Recrutée à Clermont-Ferrand en 2018, Chloé Chaudet poursuit depuis ses travaux sur le rôle de la littérature dans les imaginaires sociaux, consciente de ce qu’elle doit à ce projet initié dans l’enseignement secondaire. Elle y puise le sujet de son habilitation à diriger des recherches, soutenue en 2022, et d’un livre publié en 2024 – Fictions du grand complot[7]. « C’est aussi grâce à ce projet que j'ai obtenu une délégation à l'Institut universitaire de France », de quoi financer cinq années de recherches dédiées.

« Aujourd’hui, il y a tout un discours sur la nécessité de réfuter les propos problématiques, de « débunker »… mais les études sociologiques et psychologiques montrent que ça ne fonctionne pas toujours, observe l’enseignante-chercheuse. La puissance narrative de l'imaginaire du complot est sans doute aussi importante que sa dimension plus intellectuelle. Envisager aussi l'imaginaire du complot comme nourri de logiques narratives, cela aide à mieux comprendre son efficacité. »

Faire bouger les lignes

Parallèlement, Chloé Chaudet s’engage dans d’autres recherches qui lui tiennent à cœur, notamment les études féministes et de genre, qu’elle a aussi explorées à travers la recherche-création[8]. En 2021, au moment de la pandémie de Covid, elle publie ainsi un essai assez personnel, J’ai décidé de ne pas être mère[9], nourri de réflexion théorique et de témoignage intime, fictionnalisé, dans une écriture moins universitaire. Elle y évoque la pression sociale que subissent au quotidien les femmes ayant un non-désir d’enfant. « Dans le ton, vous la reconnaissez immédiatement. Elle est vive dans l’écriture, et en même temps c’est une écriture qui est recomposée, pensée, très nourrie de recherche, décrit Catherine Milkovitch-Rioux. Cela caractérise sa capacité à évoquer des choses subjectives, à les convoquer en les assumant dans un cadre académique. Je pense que cette manière de faire bouger les lignes est importante. »
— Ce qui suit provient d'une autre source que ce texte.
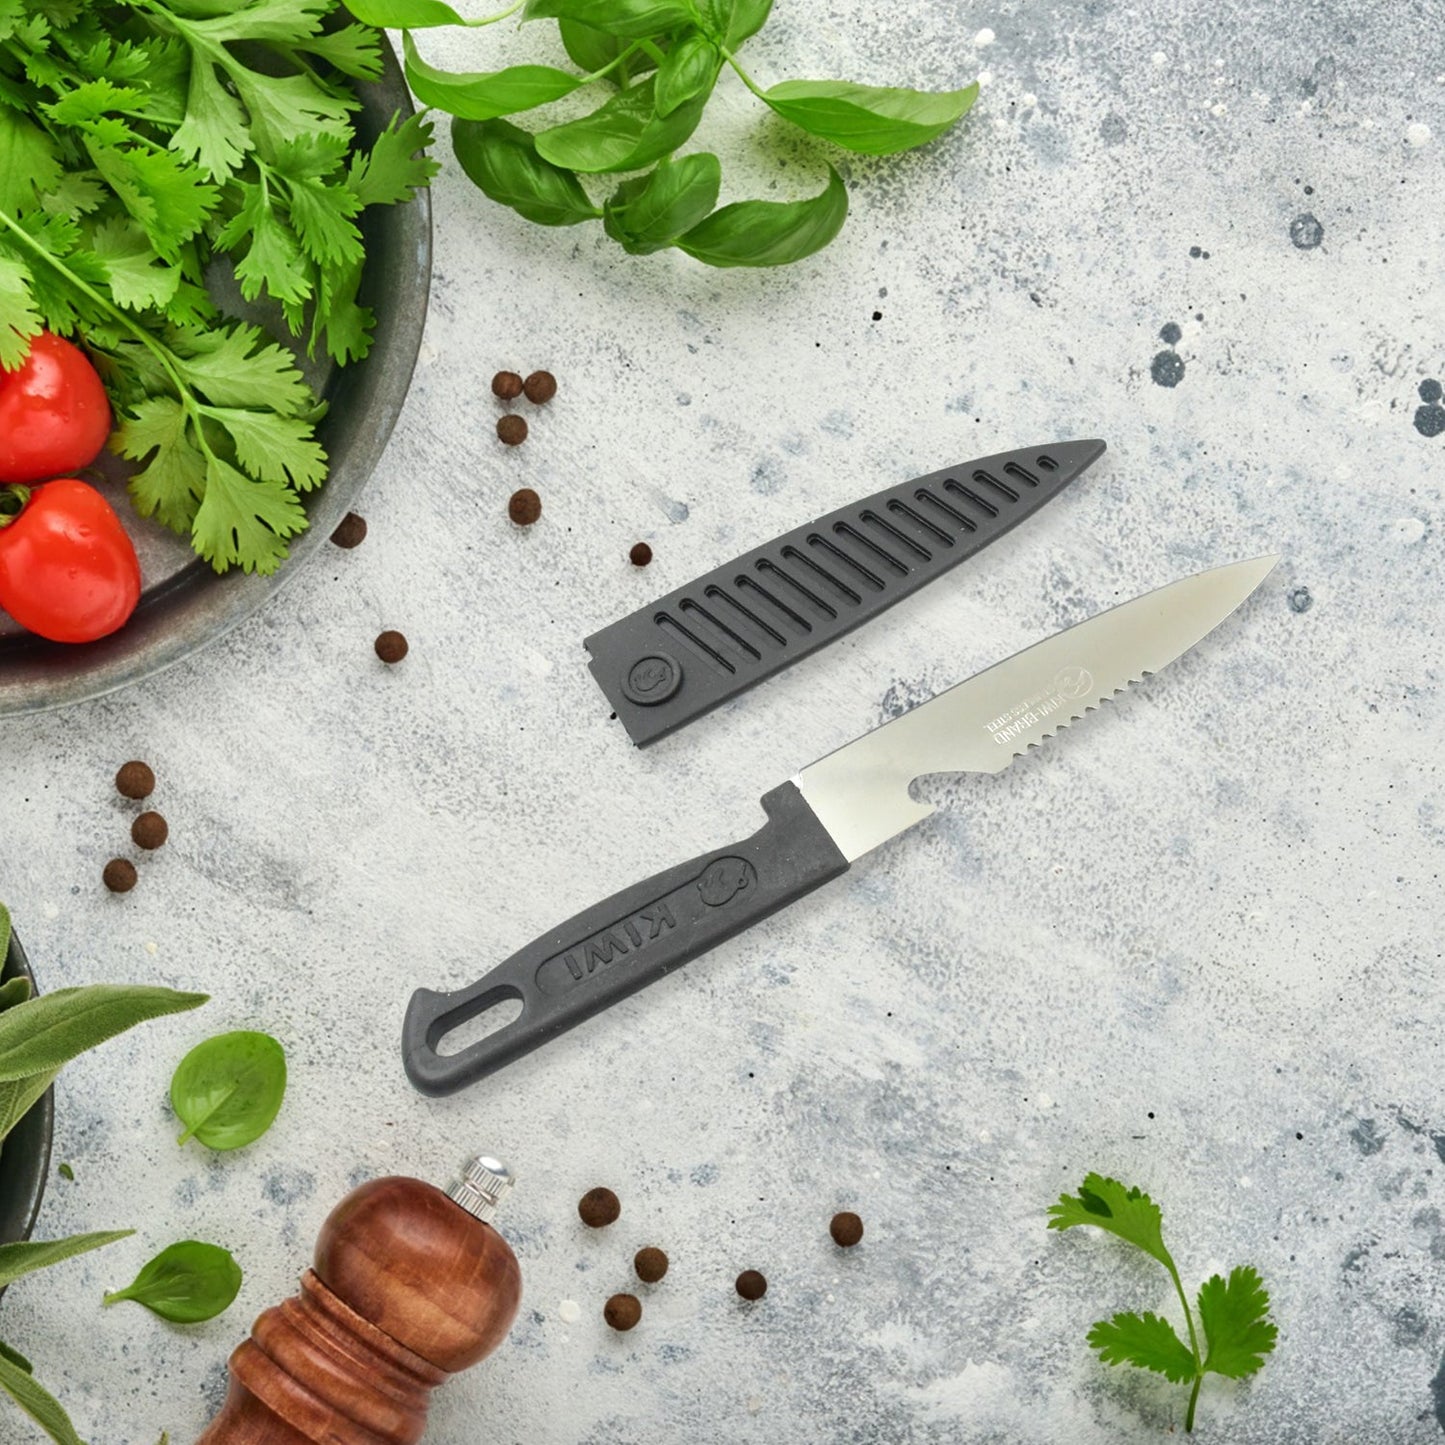 5813  Premium Plastic Chopping Board & Steel Knife Vegetable Chopping Board With Knife  Cutting Board for Kitchen Chopper Fruit and Vegetable Cutter Chopper Plastic (3 Pc Set)

Apprendre une langue (une de plus après l’allemand, l’anglais, l’espagnol et le portugais), d’origine extra-européenne celle-ci, le yorùbá[10], est sans doute aussi une manière de faire bouger les lignes. « J’adore apprendre des langues, confie-t-elle. En travaillant sur les circulations transatlantiques des littératures et imaginaires, je me suis rendu compte qu’il y avait des choses qui ne circulaient pas, notamment des textes et fictions produits en Afrique... Il y a énormément de choses à découvrir ». Et tout un monde à explorer, un sourire au coin des lèvres.

 

[1] Habilitation à diriger des recherches

[2] Centre de Recherches sur les Littératures et la Sociopoétique – UR 4280

[4] Université libre de Berlin, l’une des universités les plus importantes d’Allemagne.

[5] Chaudet C. (2016) Écritures de l’engagement par temps de mondialisation, Classiques Garnier.

[6] Professeure de littérature contemporaine de langue française au département de Lettres modernes de l’UCA.

[7] Chaudet C. (2024) Fictions du grand complot, Hermann.

[8] Approche combinant des pratiques de création et de recherche universitaire.

[9] Chaudet C. (2021) J’ai décidé de ne pas être mère, éditions L’Iconoclaste

[10] Parlée au Nigéria, la langue yorùbá a circulé dans les Amériques et dans les Caraïbes, où s’est aussi diffusée la culture qui lui est liée.